Ramping the duty cycle from 0 % to the target value over 50–200 ms limits inrush current and reduces mechanical stress on gears and couplings. A simple linear ramp in the control loop is sufficient for most applications:

for (uint16_t dc = 0; dc <= target_duty; dc += 2) {
    __HAL_TIM_SET_COMPARE(&htim3, TIM_CHANNEL_1,
        (dc * htim3.Init.Period) / 100);
    HAL_Delay(5);  /* 5 ms per step → ~250 ms to full speed */
}

Tips#

  • 20 kHz is a safe starting frequency for motors under 5 A. If audible whine persists, the motor’s mechanical resonance may be near the PWM frequency — shifting up to 25 kHz usually eliminates it.
  • Use the timer’s auto-reload preload (ARPE) on STM32 to ensure glitch-free duty cycle updates. Without preload, changing the compare register mid-period can produce a runt pulse.
  • Measure actual motor current at 100 % duty before selecting the MOSFET. Stall current — not running current — determines the worst-case thermal load on the switch.
  • Keep the PWM wire between the MCU and the gate driver short. Long runs pick up noise and slow edge rates, increasing switching losses.

Caveats#

  • Running a MOSFET at 50 kHz with a slow gate driver can produce enough switching loss to overheat the FET even if RDS(on) losses are acceptable. Always check both conduction and switching losses.
  • analogWrite() on AVR defaults to ~490 Hz or ~980 Hz depending on the timer — far too low for smooth motor control. Direct timer register configuration is necessary for frequencies above a few kHz.
  • At very low duty cycles (< 5 %), the on-time may be shorter than the MOSFET’s turn-on time plus the gate driver’s propagation delay. The switch never fully enhances, and it dissipates power in the linear region instead of switching cleanly.
  • PWM frequency is not infinitely adjustable on most timers. The achievable frequencies depend on the timer clock and the counter resolution — a 72 MHz timer with a 16-bit counter can hit 20 kHz with ~3600 counts of duty cycle resolution, but a 16 MHz timer at the same frequency gives only 800 counts (~10-bit resolution).

In Practice#

  • Audible whine from the motor at a specific duty cycle often indicates that the PWM frequency coincides with a mechanical resonance of the motor or its mount. Shifting the frequency by even 1–2 kHz can eliminate the noise entirely without affecting speed control.

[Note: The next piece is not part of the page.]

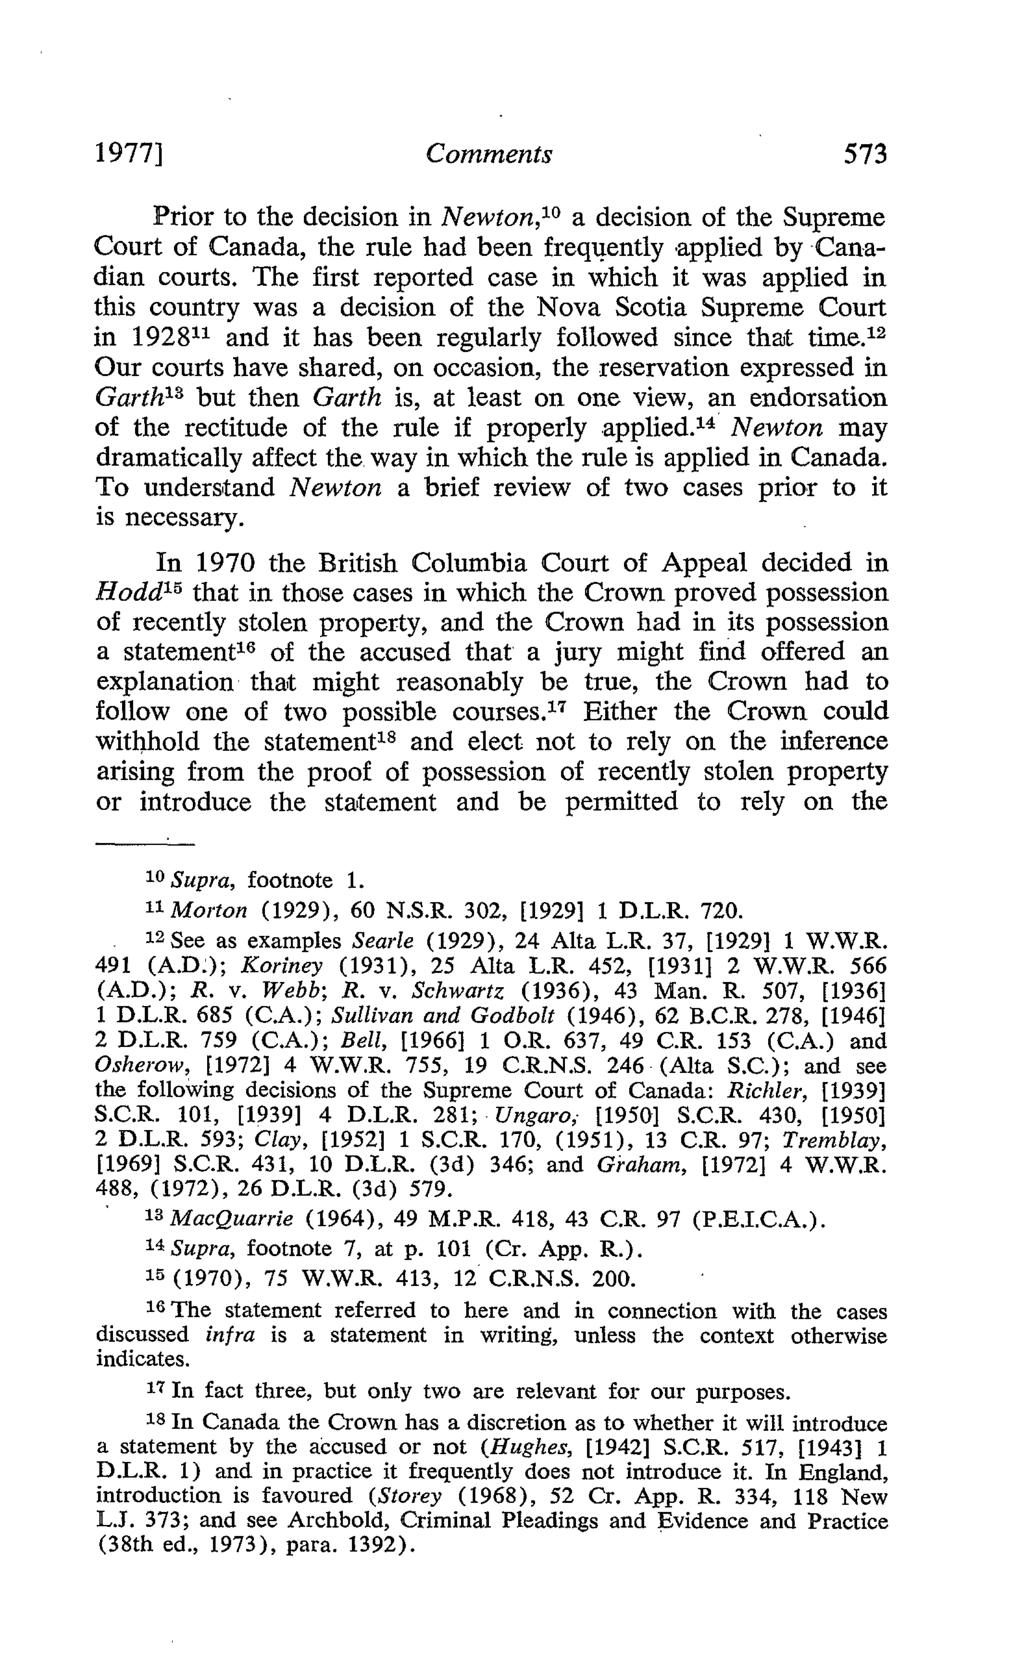 19771 Comments 573 Prior to the decision in Newton,1 a decision of the Supreme Court of Canada, the rule had been frequently applied by -Canadian courts.

  • Motor vibrates but does not spin at low duty cycles. The applied voltage is below the threshold needed to overcome static friction and cogging torque. Increasing the minimum commanded duty to 10–15 % (or implementing a kick-start pulse) resolves this.

  • MOSFET runs warm even at low duty cycles. This commonly appears when the gate voltage is too low for full enhancement — the FET operates in its linear region, dissipating power as heat. Logic-level MOSFETs (VGS(th) ≤ 2.0 V) or a dedicated gate driver eliminates the issue with 3.3 V MCU outputs.

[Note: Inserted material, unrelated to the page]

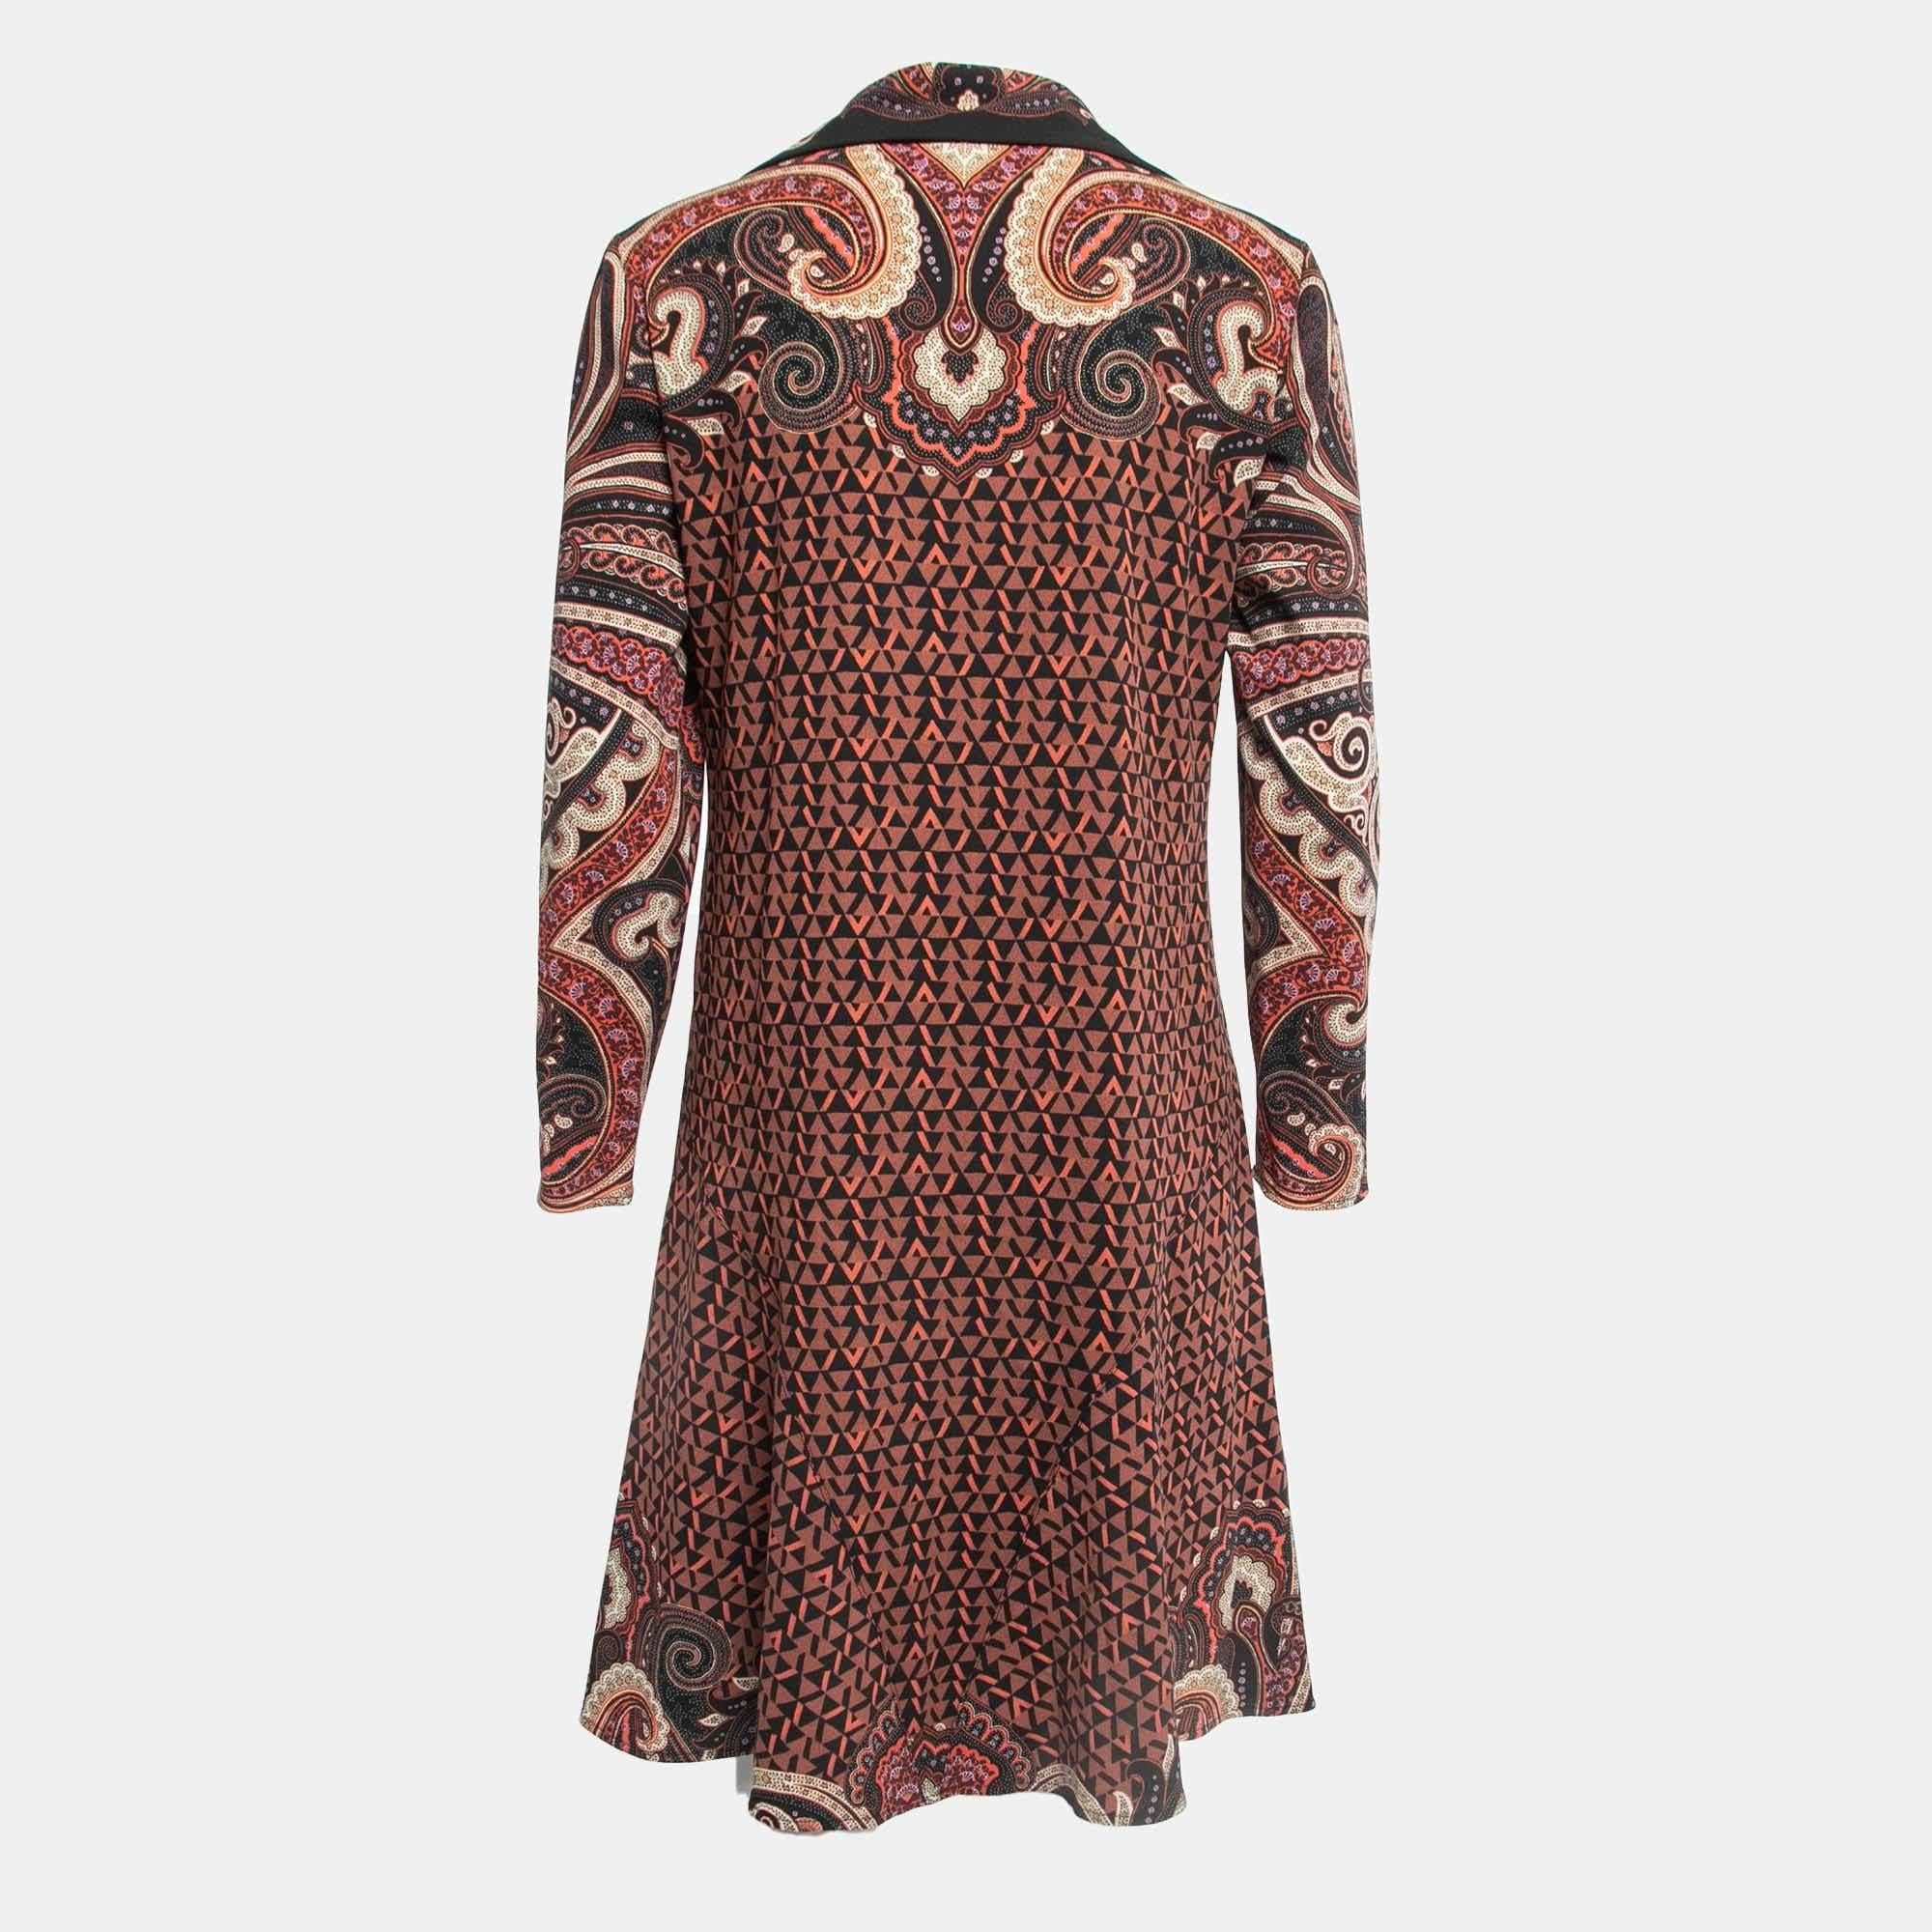 Effortlessly made into a chic design, this Etro short dress is easy to wear and easy to accessorize. Tailored beautifully, the dress is sure to remain a favorite season after season.

  • Motor speed changes noticeably when load varies. Without closed-loop control, a brushed DC motor slows under load because the increased current raises the I×R drop across the winding, reducing back-EMF and therefore speed. Adding current or speed feedback is the standard fix for load-dependent speed regulation.